- Starring: Dwe; Khine Thin Kyi; Eaindra Kyaw Zin; Aung Lwin; Nhat Pyaw Kyaw; Pho Phyu; A Yine; King Kong; Ku Tho; Aye Yar; Nyi Nanda; Min Kha; Nyo Min Lwin; Zin Myo; Phoe Kyaw; Shon Lai Oo; University Gone Pone; Ein Phyu; Phu Sone;
- Cinematography: Nyein Min
- Distributed by: Lucky Seven film production and distribution company
- Release date: December 3, 2004;
- Country: Myanmar
- Language: Burmese

= Nauk Ma Kya Kyay =

Nauk Ma Kya Kyay (နောက်မကျကြေး) or Don't Late is a 2004 Burmese musical dramatic film, directed by Mg Myo Min (Yin Twin Phit).

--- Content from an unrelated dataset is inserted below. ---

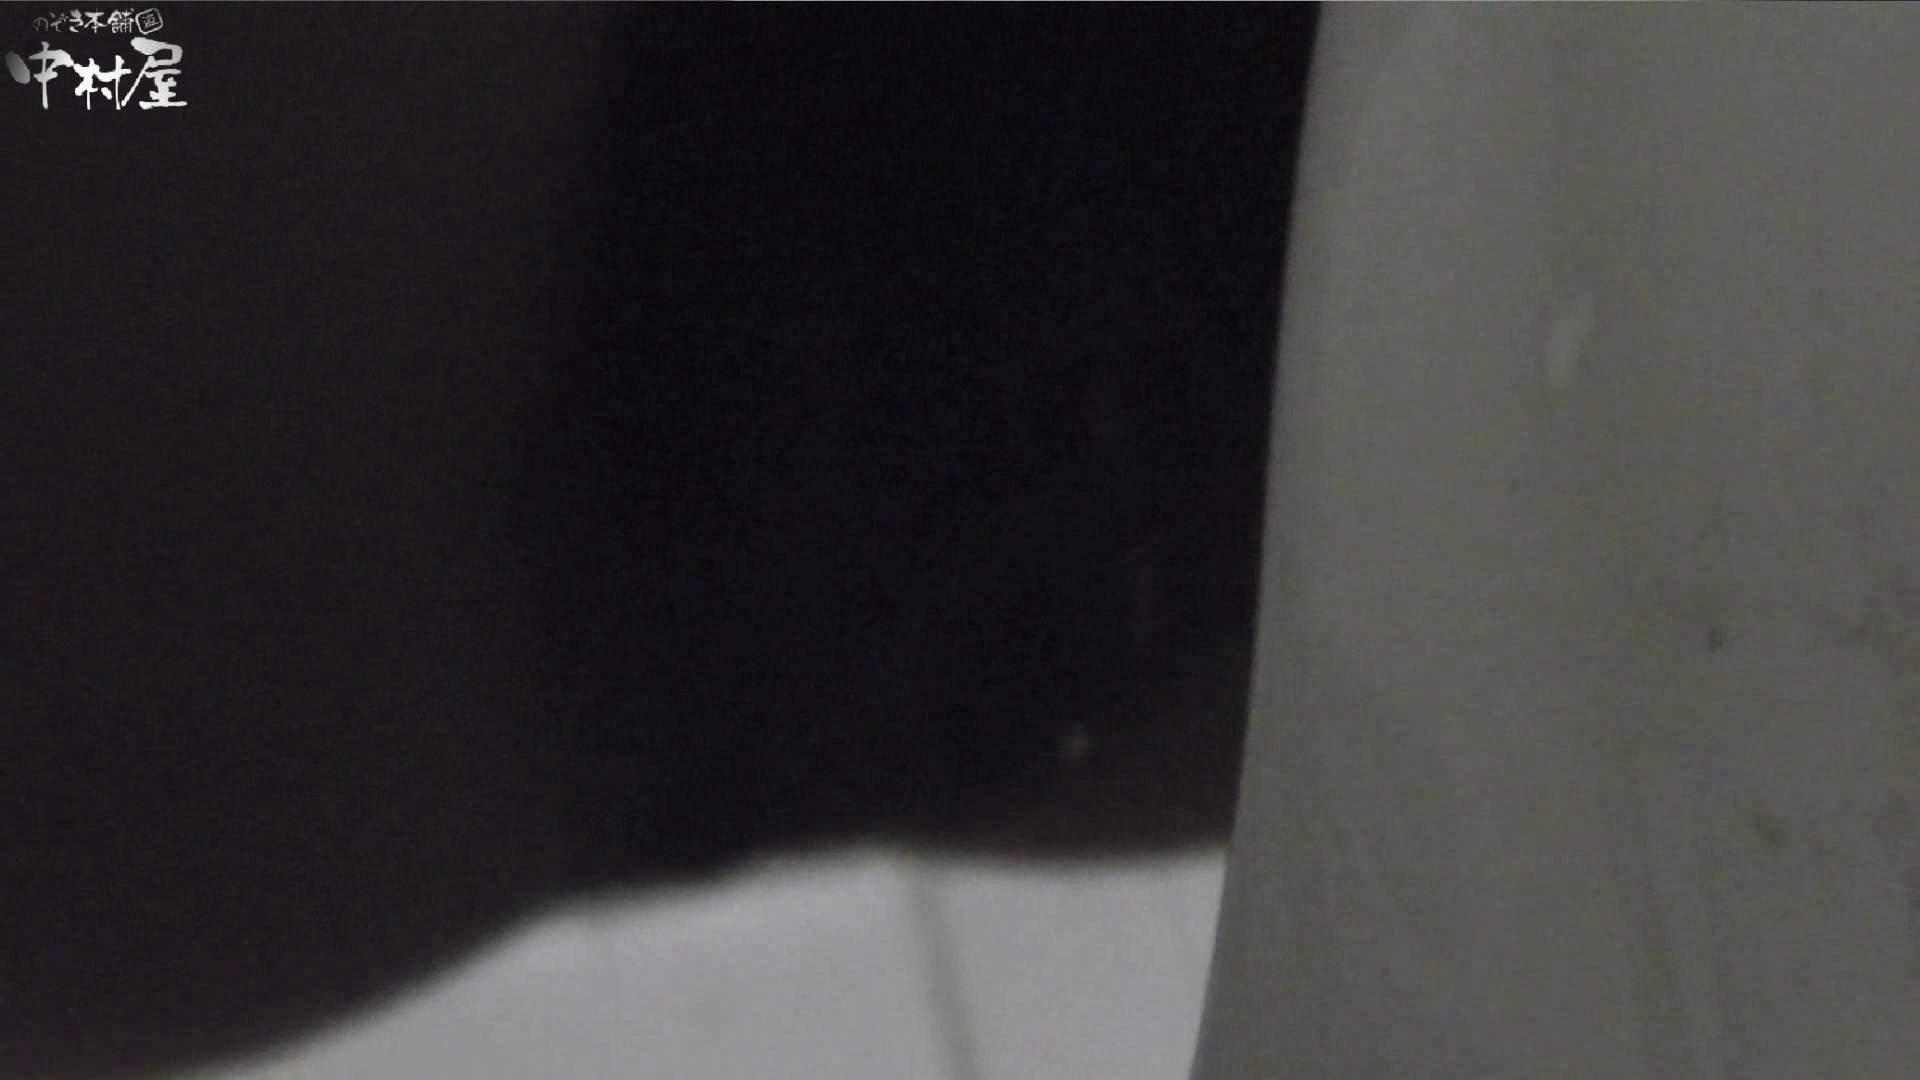 vol.09 命がけ潜伏洗面所! ハミ具さま 潜入 すけべAV動画紹介 96PIX 68

In this film, starred Myanmar movie stars, Dwe, Khine Thin Kyi, Eaindra Kyaw Zin, Aung Lwin, Nhat Pyaw Kyaw, Pho Phyu, A Yine, King Kong, Ku Tho, Aye Yar, Nyi Nanda, Min Kha, Nyo Min Lwin, Zin Myo, Phoe Kyaw, Shon Lai Oo, University Gon Pon, Ein Phyu, Phu Sone. The film was produced by Lucky Seven film production and distribution company.

== Synopsis ==

A university student, Saw Oo, struggles with his former girlfriend, Khin Naun, and his new partner, Nat Ta Mi. Khin Naun once loved Saw Oo, but marries another man due to Oo's unenthusiastic nature. This film follows his life as he tries to find love and harmony.

==Cast==

- Dwe as Saw Oo
- Khine Thin Kyi as Khin Naun
- Eaindra Kyaw Zin as Nat Ta Mi
- Aung Lwin
- Goon Pone
- Nhat Pyaw Kyaw
- Pho Phyu
- A Yine
- King Kong
- Ku Tho
- Aye Yar
- Nyi Nanda
- Min Kha
- Nyo Min Lwin
- Zin Myo
- Phoe Kyaw
- Shon Lai Oo
- Ein Phyu
- Phu Sone

==Release==
Naug Ma Kja Kyay was released on December 3, 2004, at Twin, Tamata, Mingalar in Yangon, Win Lite, Myo Ma in Mandalay, Nyunt, Shwe Hin Tha, Ye Tan Kon in Bago, Bandola in Taunggyi and Gong in Baik, Tanintharyi Division.